5. It’s important to know what IP rights the Company does not own, but needs for it to trade

Obtain a copy of each licence of IP rights licensed to the Company. Try to understand the benefits and risks of any existing IP licence agreements.

Confirm whether there have been any breaches of licence terms by the Company or the licensor.

Are there licenses needed that are not already in place?

6. Who owns the IP?

Ownership of the technology in terms of its creation e.g. by developers, non-employees, or previous acquisition should be considered. Often it turns out the owner is not the Company in which the investment is to be made and steps need to be taken to remedy this pre-investment.

7. Are trade secrets are adequately secured?

Obtain details of any contracts/ other arrangements, policies and procedures for the secure disclosure of confidential information of the Company (including technical and commercial information and know-how not in the public domain) by (or to) the Company.

8. What is the infringement risk?

Aim to obtain details of any products, processes or services of the Company that are known or suspected to:

—infringe the IP rights of any other party, or

—involve the illegal or unlicensed use of confidential information disclosed to the Company.

Has the Company obtained ‘freedom to operate’ searches and advice in relation to its core technology, to understand the patent space/risk of IP infringement? Has the Company obtained trade mark clearance searches in key country markets for its brands?

Obtain details of any existing or threatened IP infringement claims, actions or proceedings brought by or against the Company.

9. What research and development activities is the Company involved in?

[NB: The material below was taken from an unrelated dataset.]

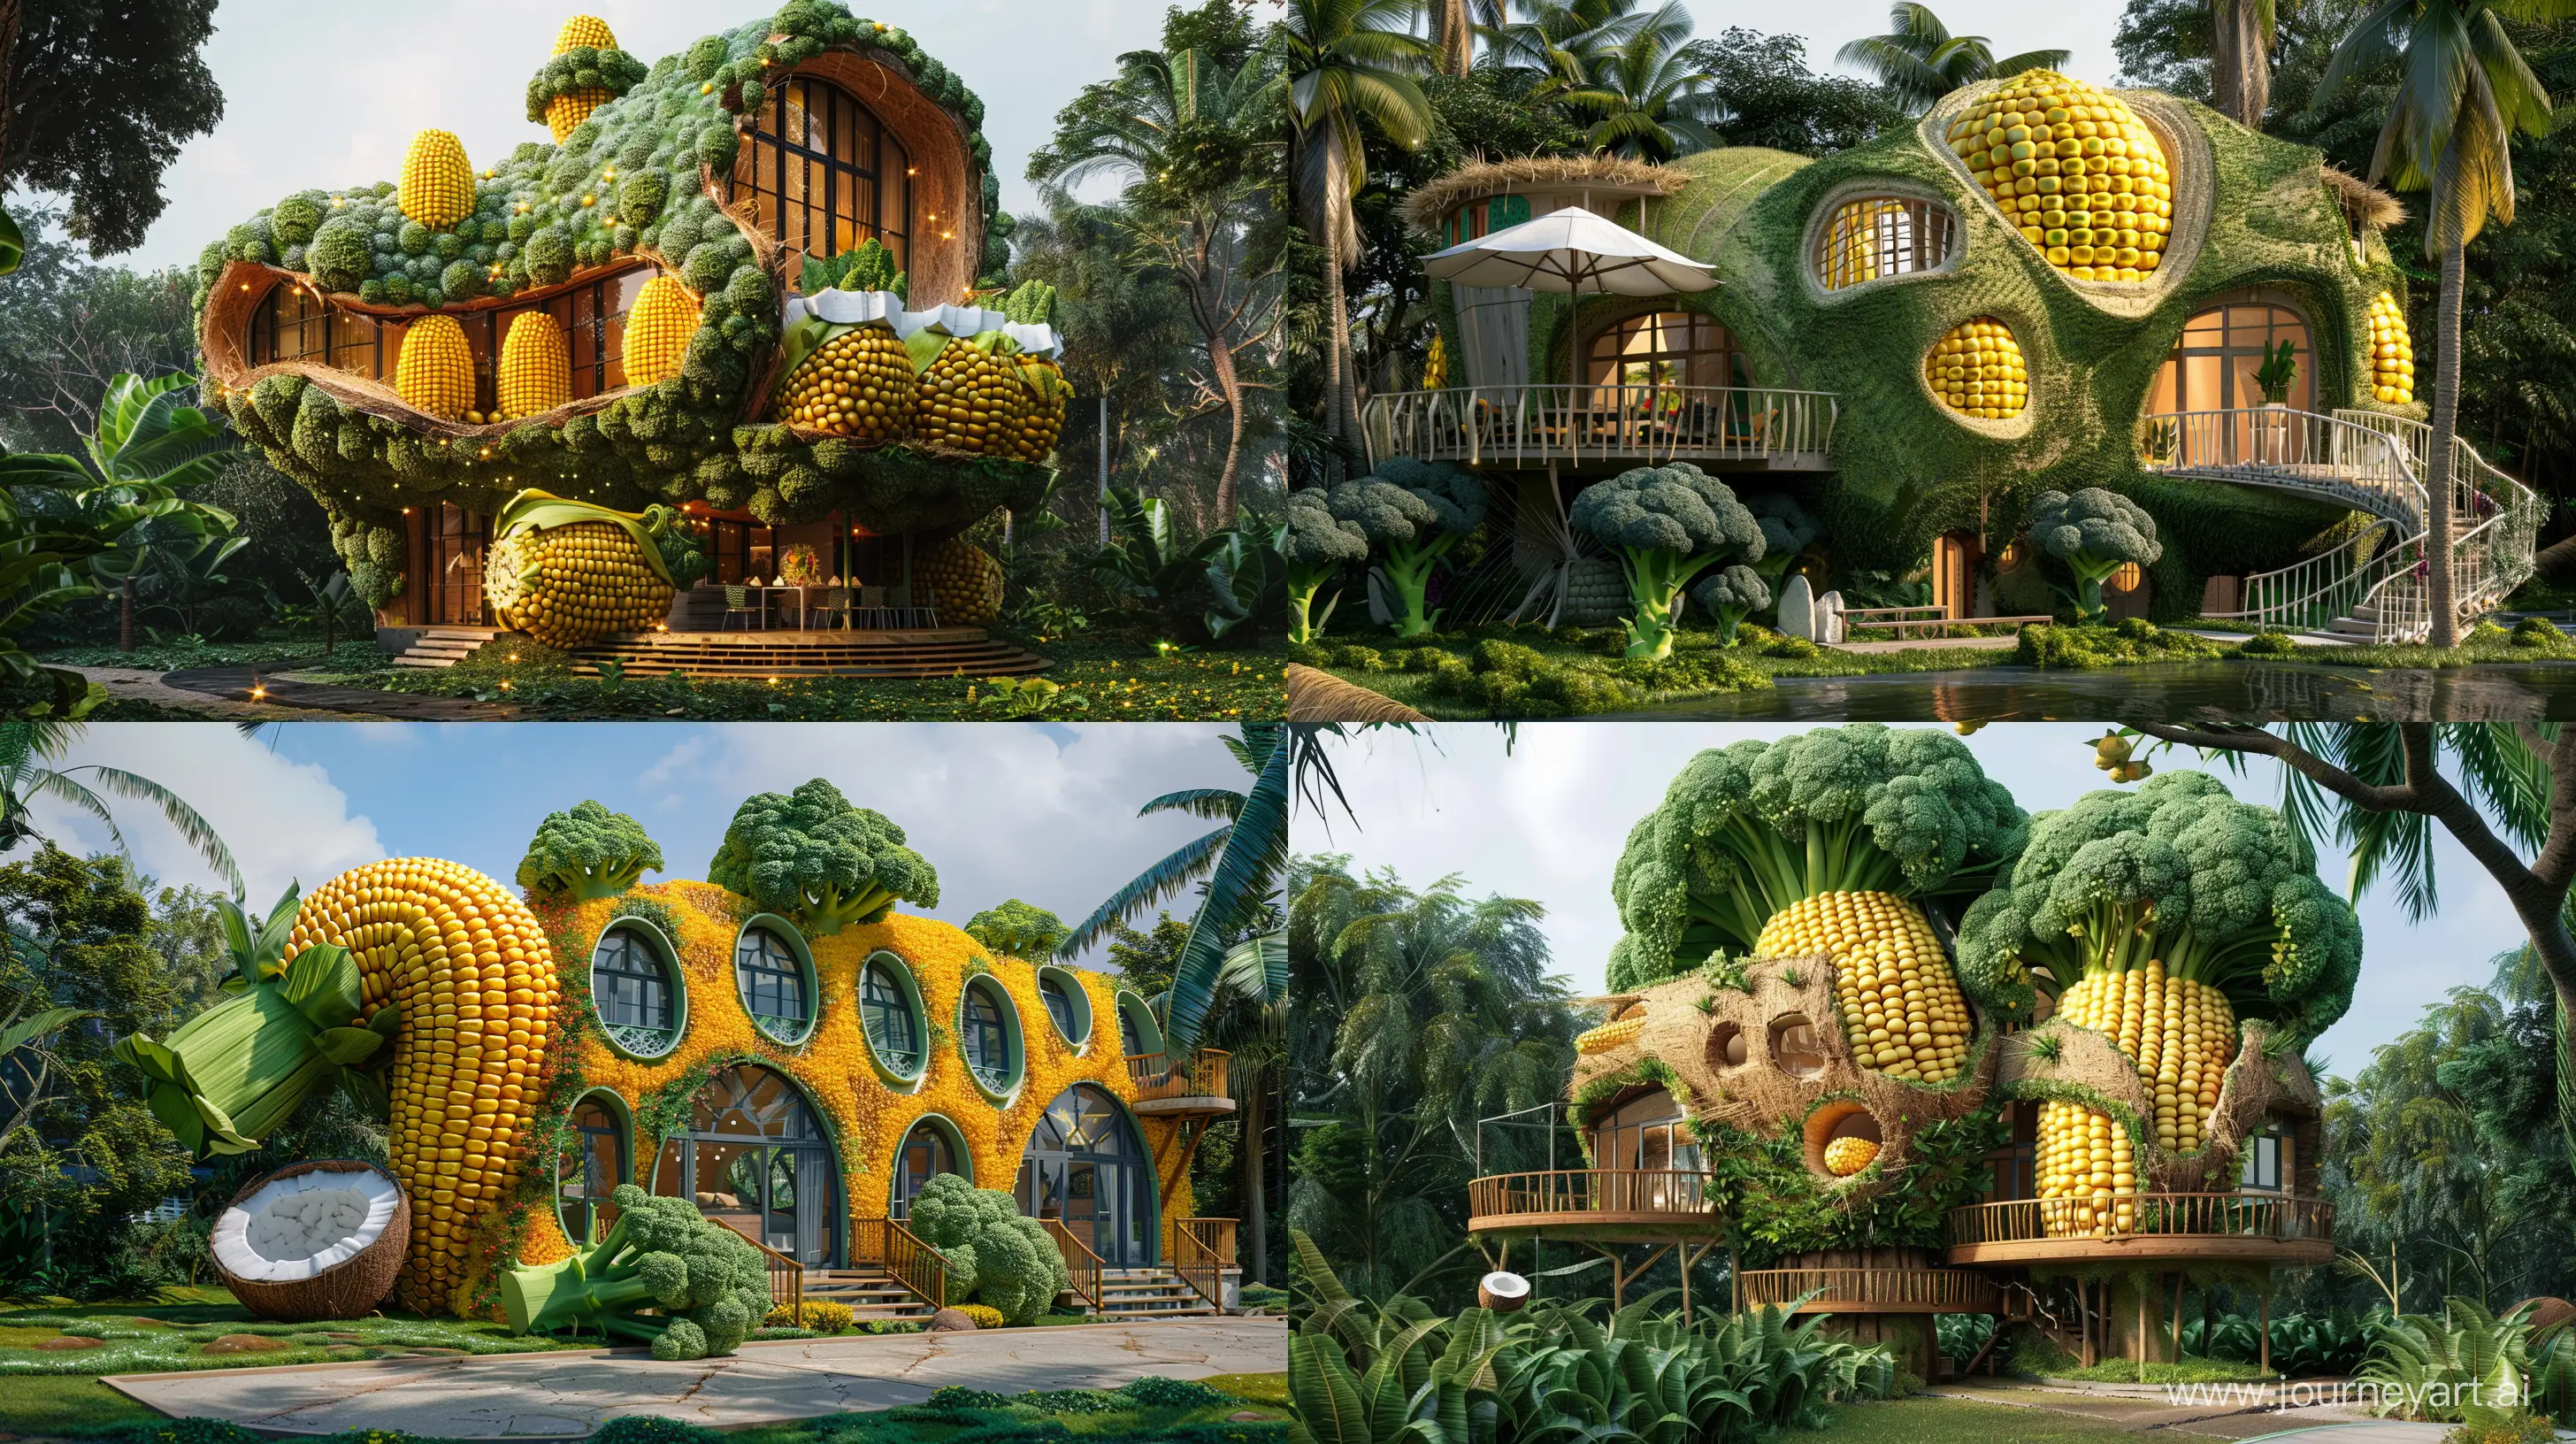 Extraterrestrial-Luxury-Living-Corn-Coconut-and-Broccolishaped-House-in-the-Galactic-Aesthetic-Fantasy

Obtain details of any research, development, assistance, information exchange or other agreements relating to the business activities, ventures or technical skills of the Company. Are those arrangements sound from both a commercial and legal perspective?

10. What about innovations and processes not identified as IP?

Obtain details of any inventions, secret processes, methods of production or designs of the Company that are fundamental to or reasonably likely to have a significant impact on the Company and are not protected as IP rights (other than protection as confidential know-how).

Obtain details of any steps, internal policies, procedures or systems that are being taken to capture such information and obtain IP protection.

11. What consents are needed before an investment can be made that involves  the transfer of existing or the issue of new shares in the Company?

Do any key IP agreements contain rights dependent on “change of control” – is this a risk?

12. What if software is a key technology of the Company?

As mentioned above, ownership of the software in terms of its creation e.g. by developers, non-employees, or previous acquisition should be considered. Ascertain if the Company possesses up to date copies of all the source code for the software. It is also important to ascertain to what extent open source software has been included in the development of the software, which will not be owned by the Company and it may be subject to restrictions on commercial use.
Aim to understand the Company’s go to market model: does the Company licence the copyright in the software to customers i.e. installed software; or does it in fact use a SaaS model that requires the software to be provided as a hosted service to customers, in which case investigate the service levels offered.

13. What consents are needed before an investment can be made that involves the transfer of existing or the issue of new shares in the Company?

Do any key IP agreements contain rights dependent on “change of control” – is this a risk?